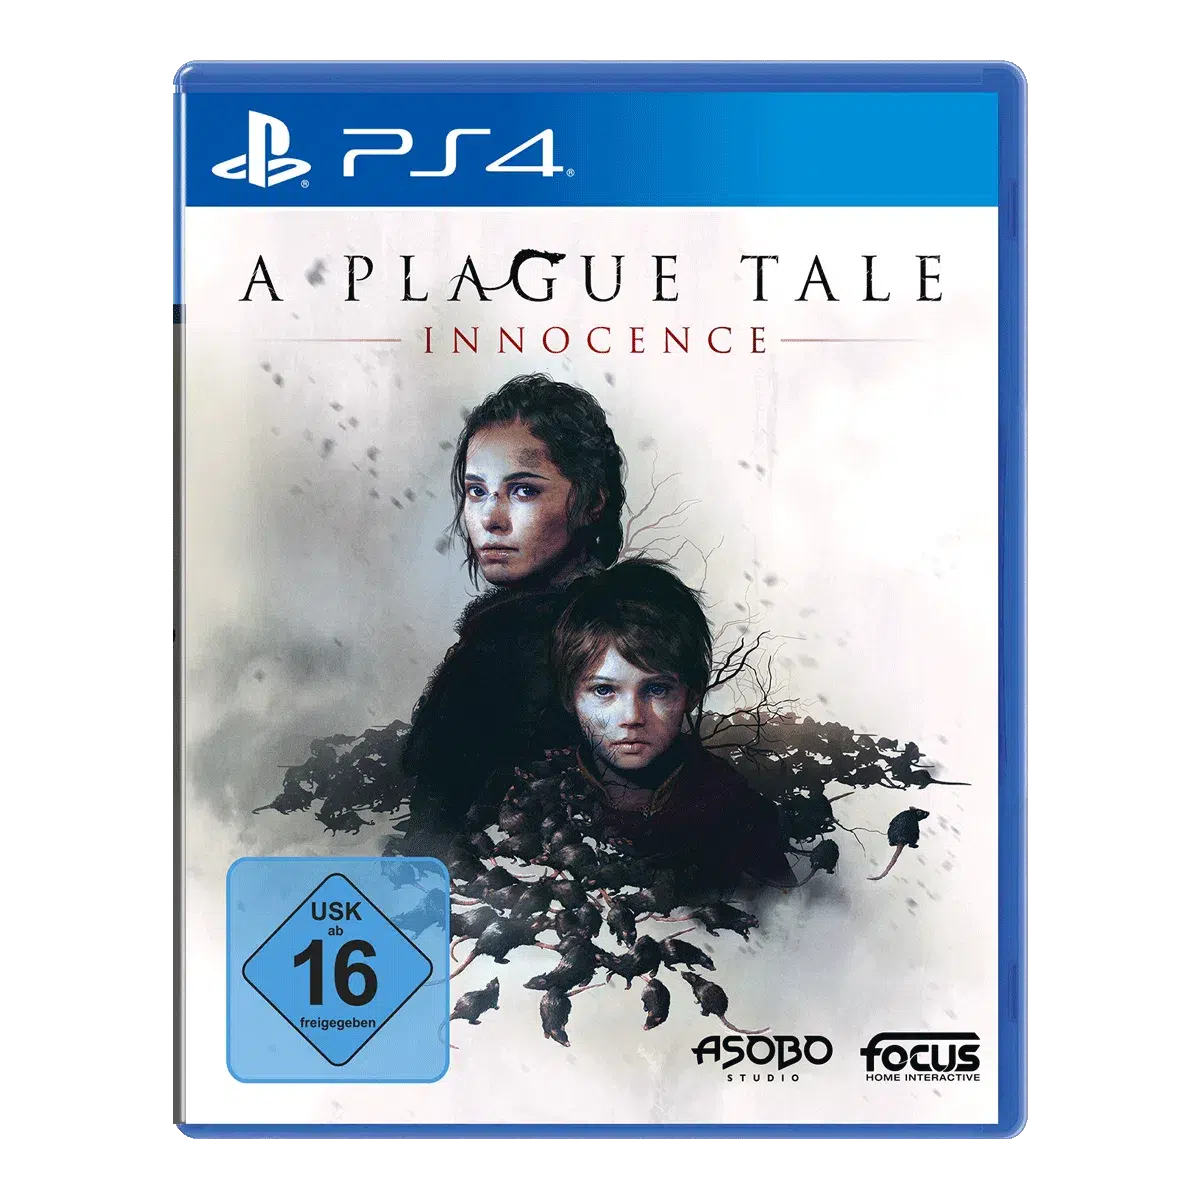 A Plague Tale: Innocence - PS4
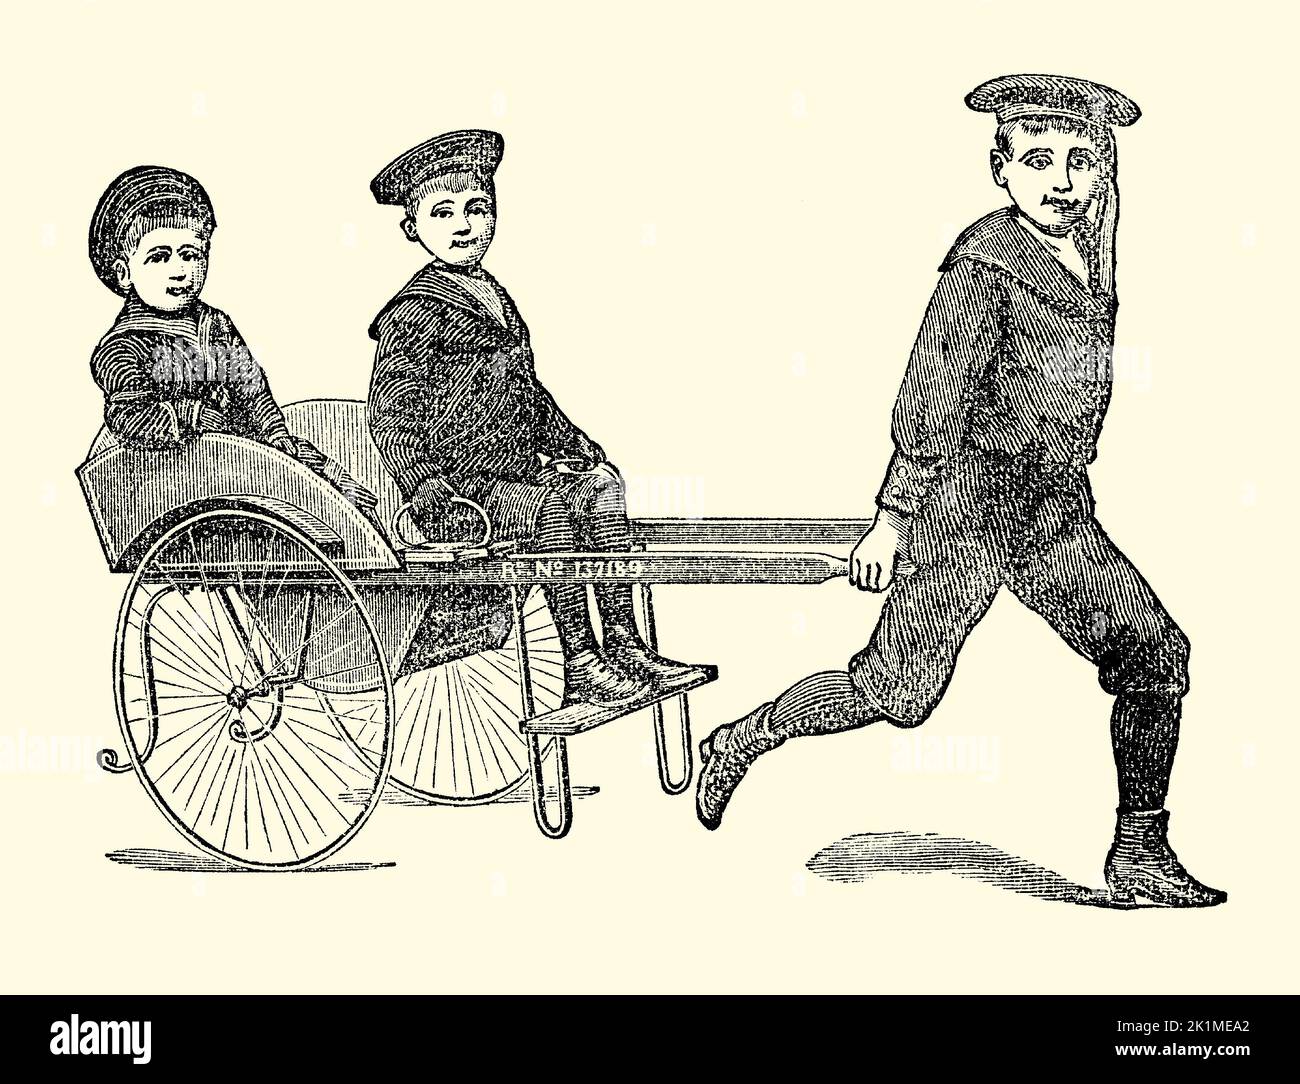 Un antiguo grabado victoriano de un carruaje “Victor”, realizado por Marris y Cooke of Grimsby, East Yorkshire, Inglaterra, Reino Unido. Es de un libro de 1890. El carro de dos plazas tirado a mano estaba dirigido a los niños. Foto de stock
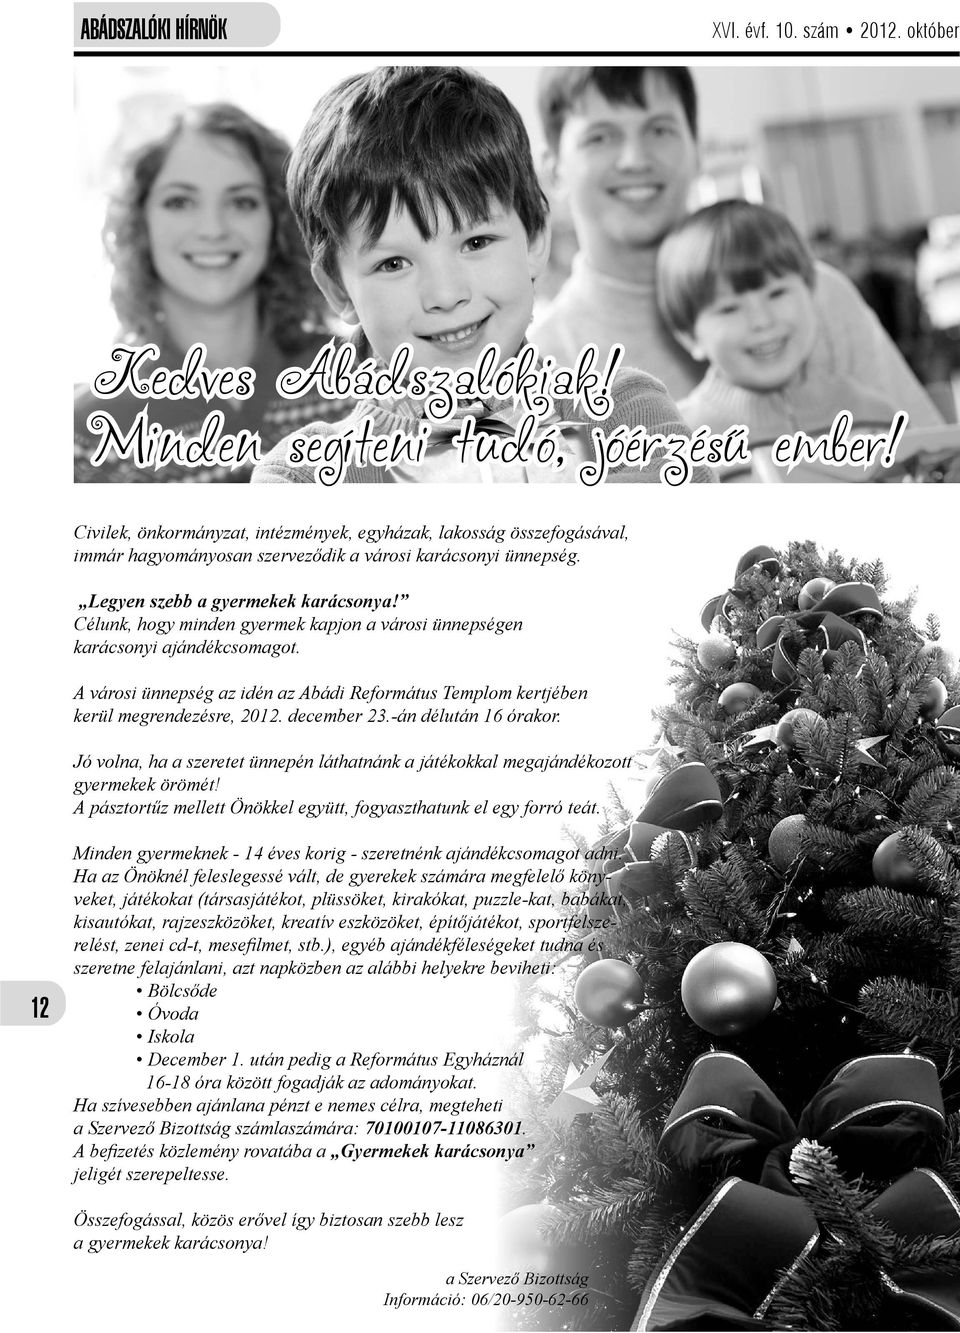 Célunk, hogy minden gyermek kapjon a városi ünnepségen karácsonyi ajándékcsomagot. A városi ünnepség az idén az Abádi Református Templom kertjében kerül megrendezésre, 2012. december 23.
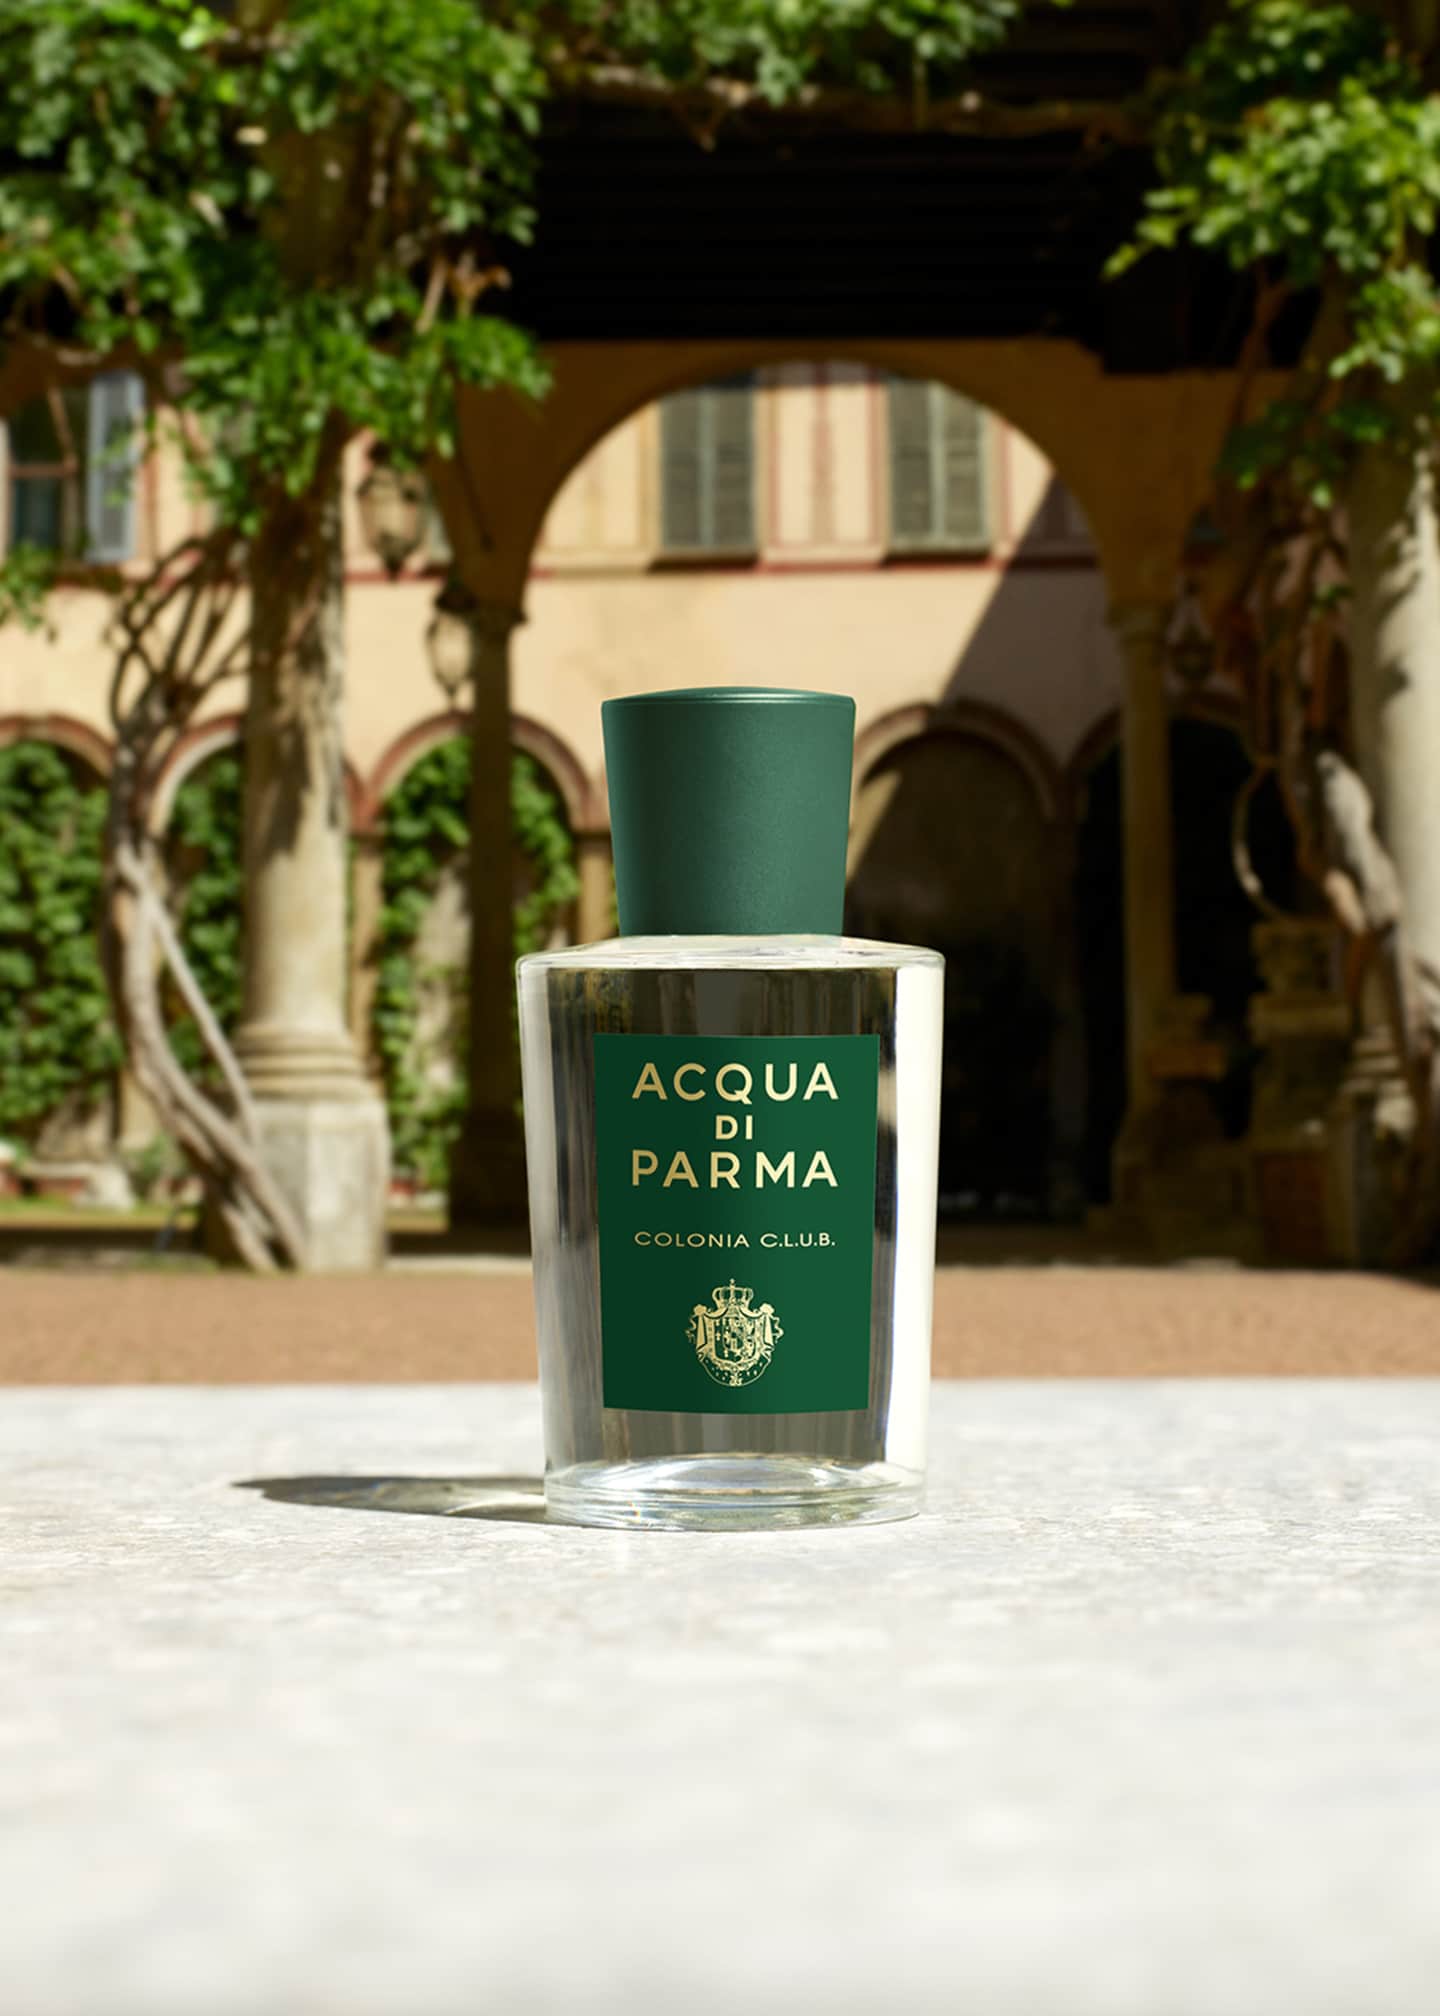 Acqua di Parma - Colonia C.L.U.B. Eau de Cologne 1.7 oz.

-------

◆ The problem
Print exactly the line containing "Un antiguo grabado" and every line after it through the final line above, and leave all pictures out.

◆ Exercise answer
 Un antiguo grabado victoriano de un carruaje “Victor”, realizado por Marris y Cooke of Grimsby, East Yorkshire, Inglaterra, Reino Unido. Es de un libro de 1890. El carro de dos plazas tirado a mano estaba dirigido a los niños. Foto de stock
 Célunk, hogy minden gyermek kapjon a városi ünnepségen karácsonyi ajándékcsomagot. A városi ünnepség az idén az Abádi Református Templom kertjében kerül megrendezésre, 2012. december 23.
 Acqua di Parma - Colonia C.L.U.B. Eau de Cologne 1.7 oz.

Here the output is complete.